Back in February I reported on a government survey of almost 15,000 British people in the UK that revealed ‘author’ is the most desired job in the country. But a couple of months later, a study has been published that reveals this is most certainly one of the riskiest job paths to take in terms of financial security.
Researchers at Queen Mary, University of London, interviewed 2,500 writers and released the following findings in a report entitled ‘The Business of Being an Author’:
- Only one in ten authors earn a living from writing alone (ten years ago the figure was four in ten).
- The average professional writer earns £11,000 per annum – beneath the minimum wage.
- At the top of the spectrum, 42.3 per cent of all income from professional writing is earned by 5 per cent of authors.
- 17 per cent of writers were paid nothing in a calendar year despite having published recently.
- Female authors earned 80 per cent of the income of male authors.
What are the reasons for the tight squeeze on writers’ incomes?
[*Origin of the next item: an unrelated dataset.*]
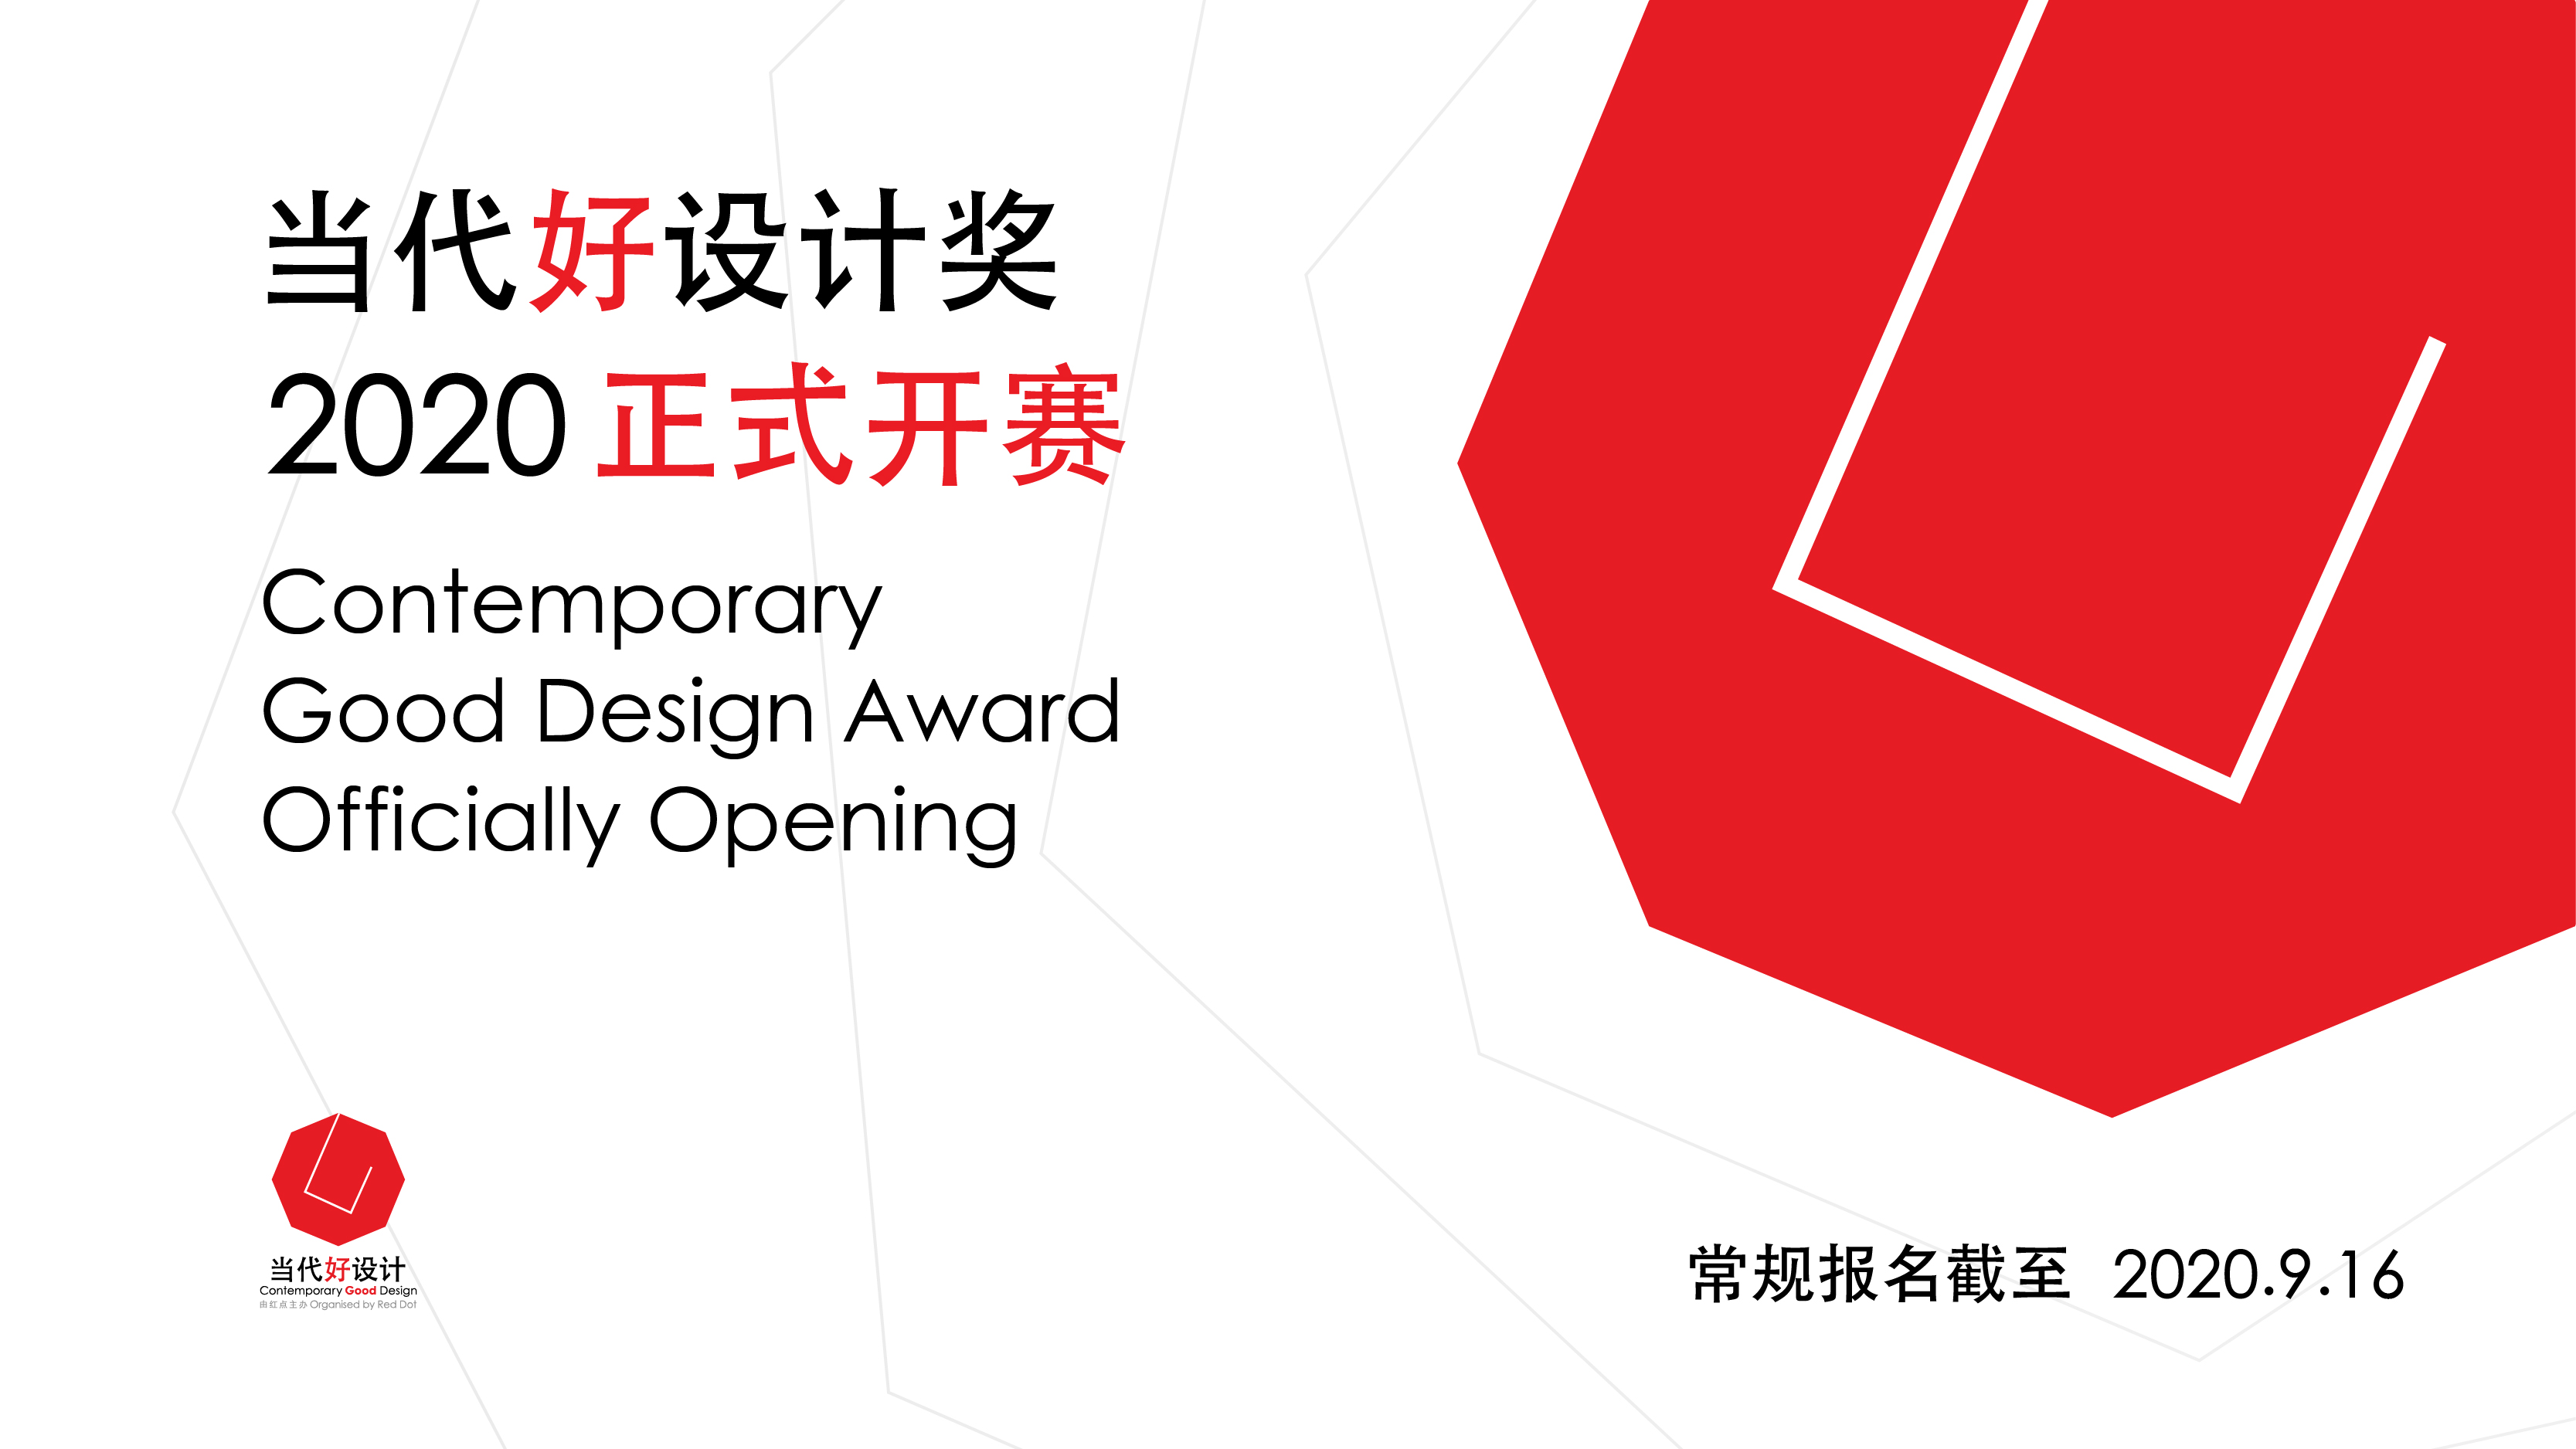 Contemporary Good Design Award 2020 officially calls for entries
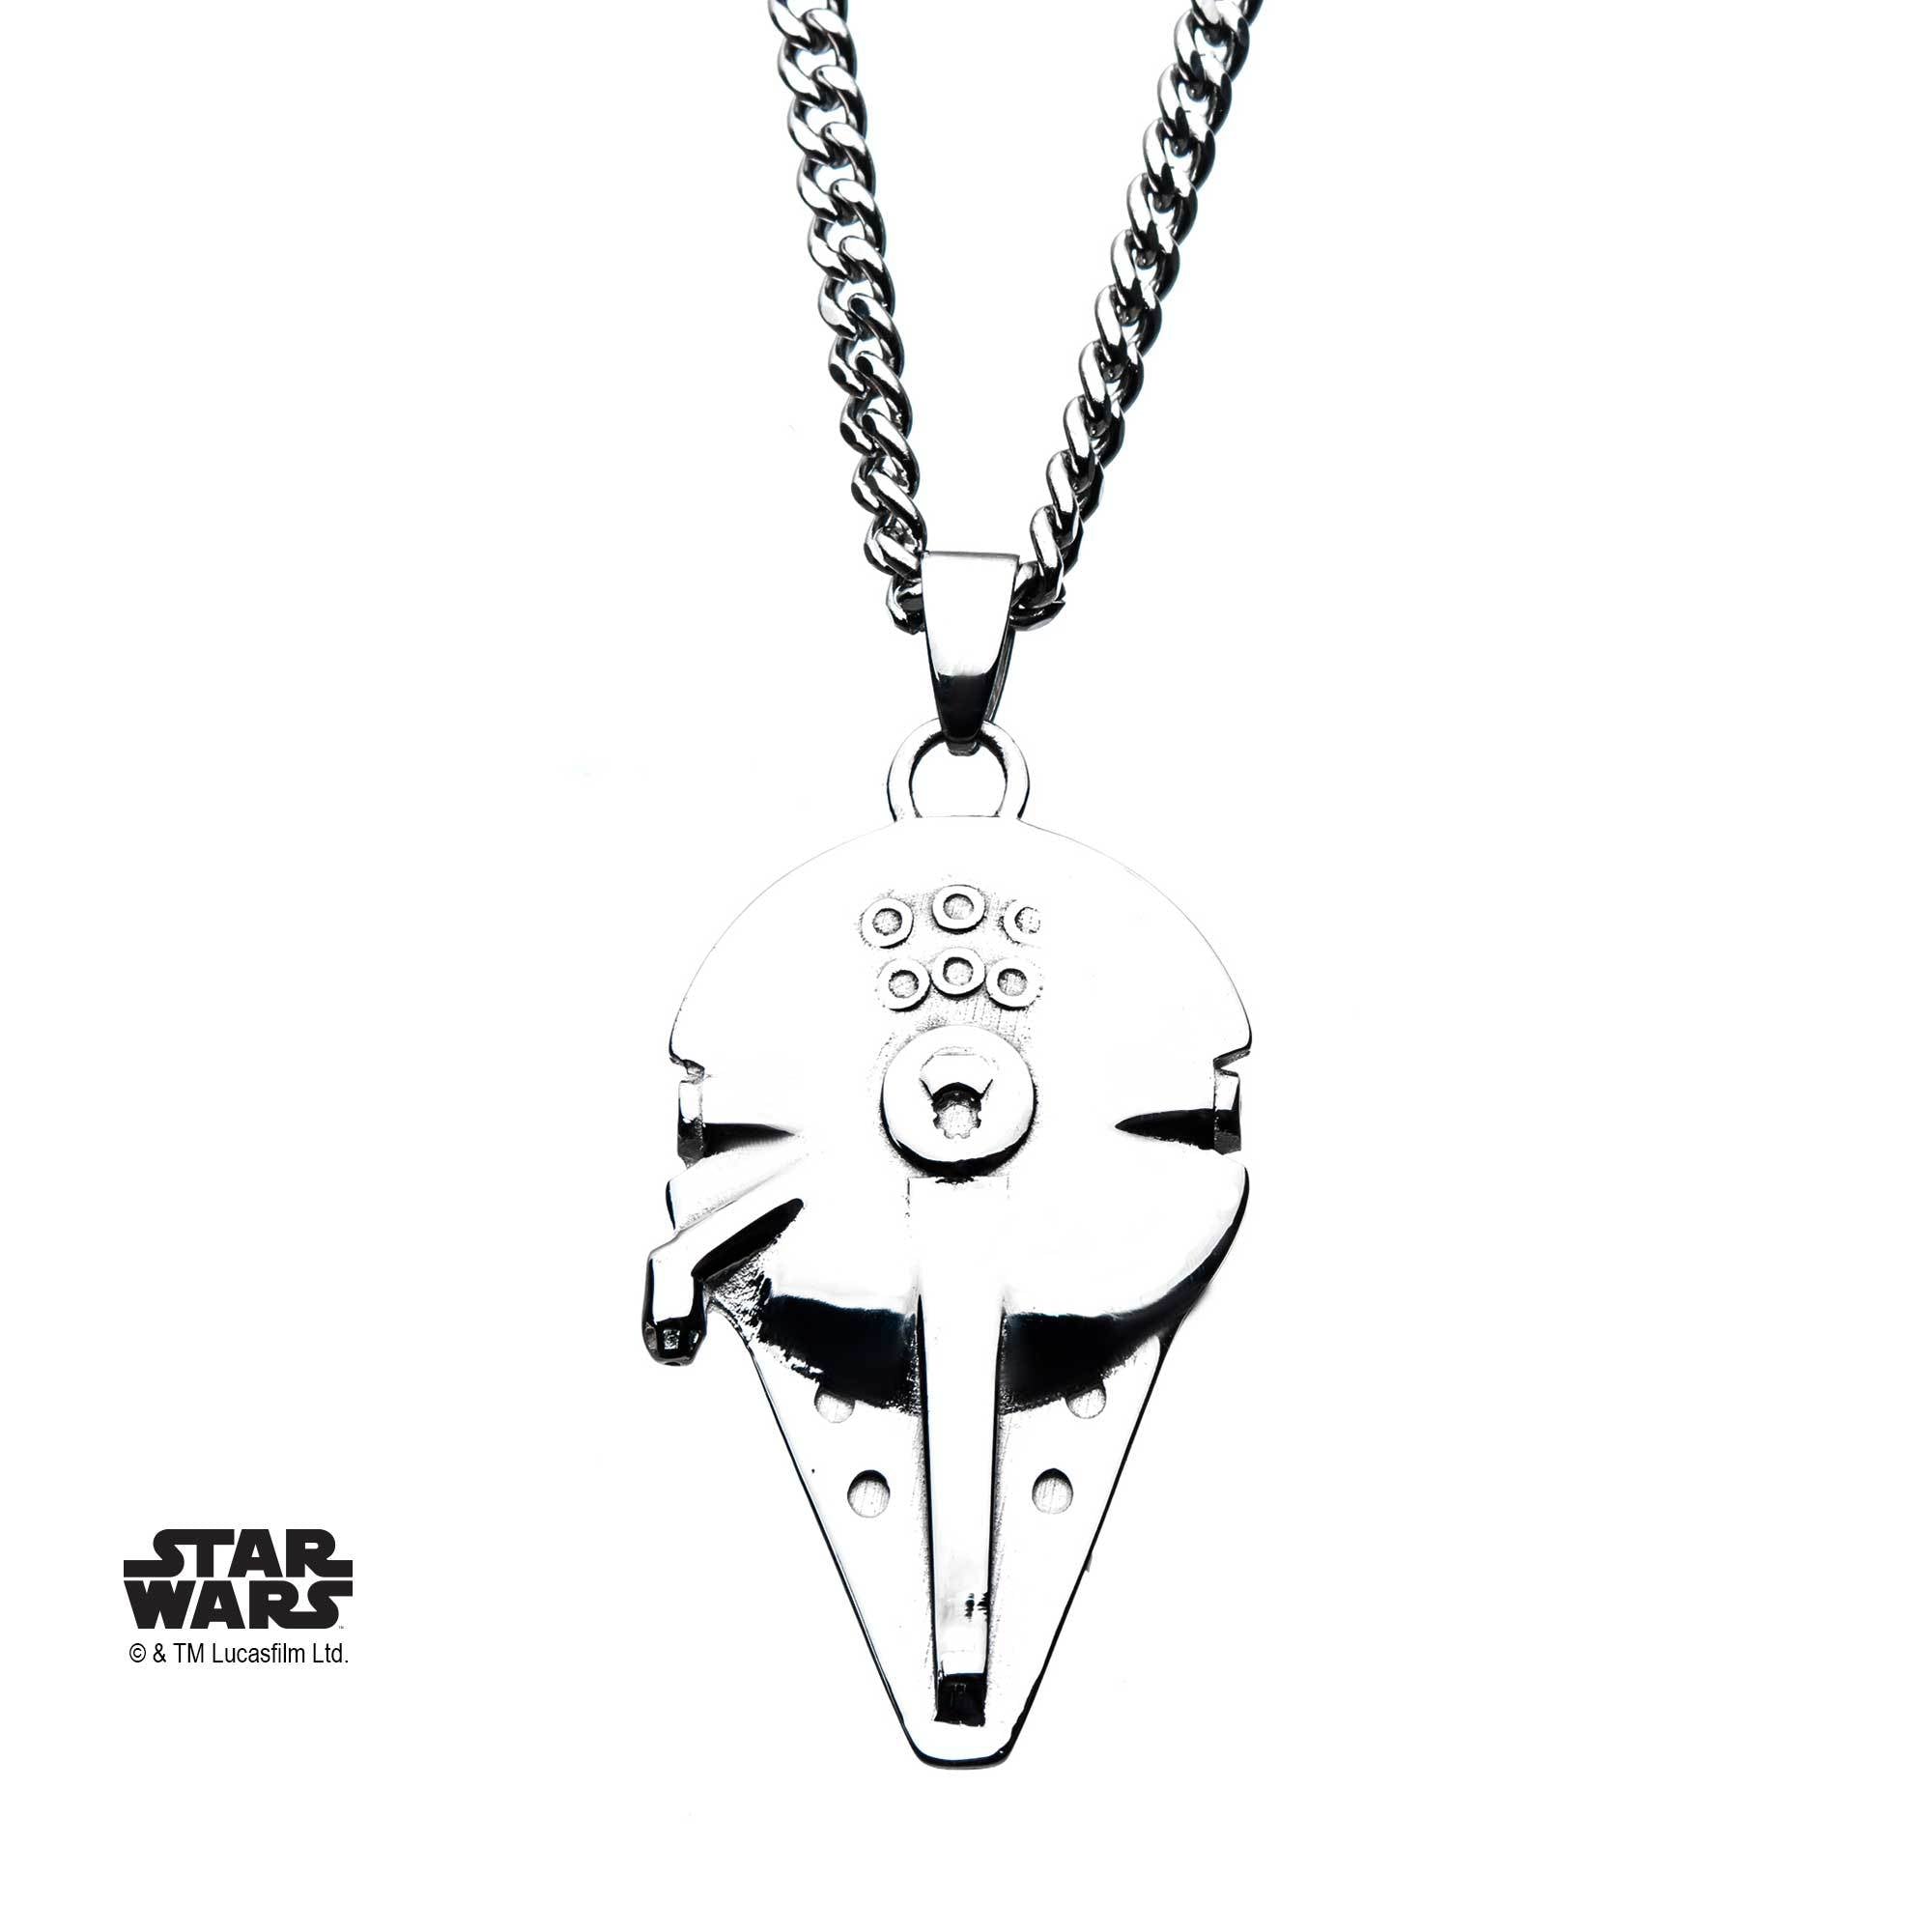 Star Wars Millennium Falcon Pendant Necklace

Most are blaming the vast changes in the publishing industry making publishers reluctant to take risks, and so investing over and over in just a select group of authors, the ‘safe bets’, and celebrities.
Nicola Solomon of The Society of Authors said, “There is a tendency towards the safe,” she said. “But do we want safe? Surely the whole point of reading is to be introduced to things that are daring and challenging and different?”
Many writers have been open about the fact that building a secure income from their books takes time. For example, back in 2013 successful crime novelist Ian Rankin gave an interview to the Telegraphon the subject. “It took a good 12–14 years, and many books, before the money became a happy factor of my writing career,” he said.
Joanne Harris, author of one of my favourite novels of all time, Chocolat, has also spoken publicly on the issue. “Part of the problem,” she said, “is that, thanks to the media, the public has a distorted view of what the average author’s life is like. Not everyone can expect the kind of success earned by JK Rowling. If anything, quite the reverse.”
I agree that there is a certain romanticism associated with being an author. I also think that the vast majority of us do it not for the money at all, but for the sheer love of writing, for sharing the burning story within. In fact, the need to write is so compelling it can be deeply unsettling not to write!
What do you think? Joanne Harris claims that ‘most [authors] – yes, even ones you’ve heard of – are finding it harder to earn money creating the books that they, and you, love.’ Does that concern you? Should writers be better respected, better paid? How sustainable is the future of publishing with a handful of ‘superstar’ authors earning a fortune, and then a sea of authors either dedicating themselves to their craft and living beneath the minimum wage, or writing endlessly alongside a demanding day job? How must an author prove him-/herself before there is a sense that he or she deserves a decent living?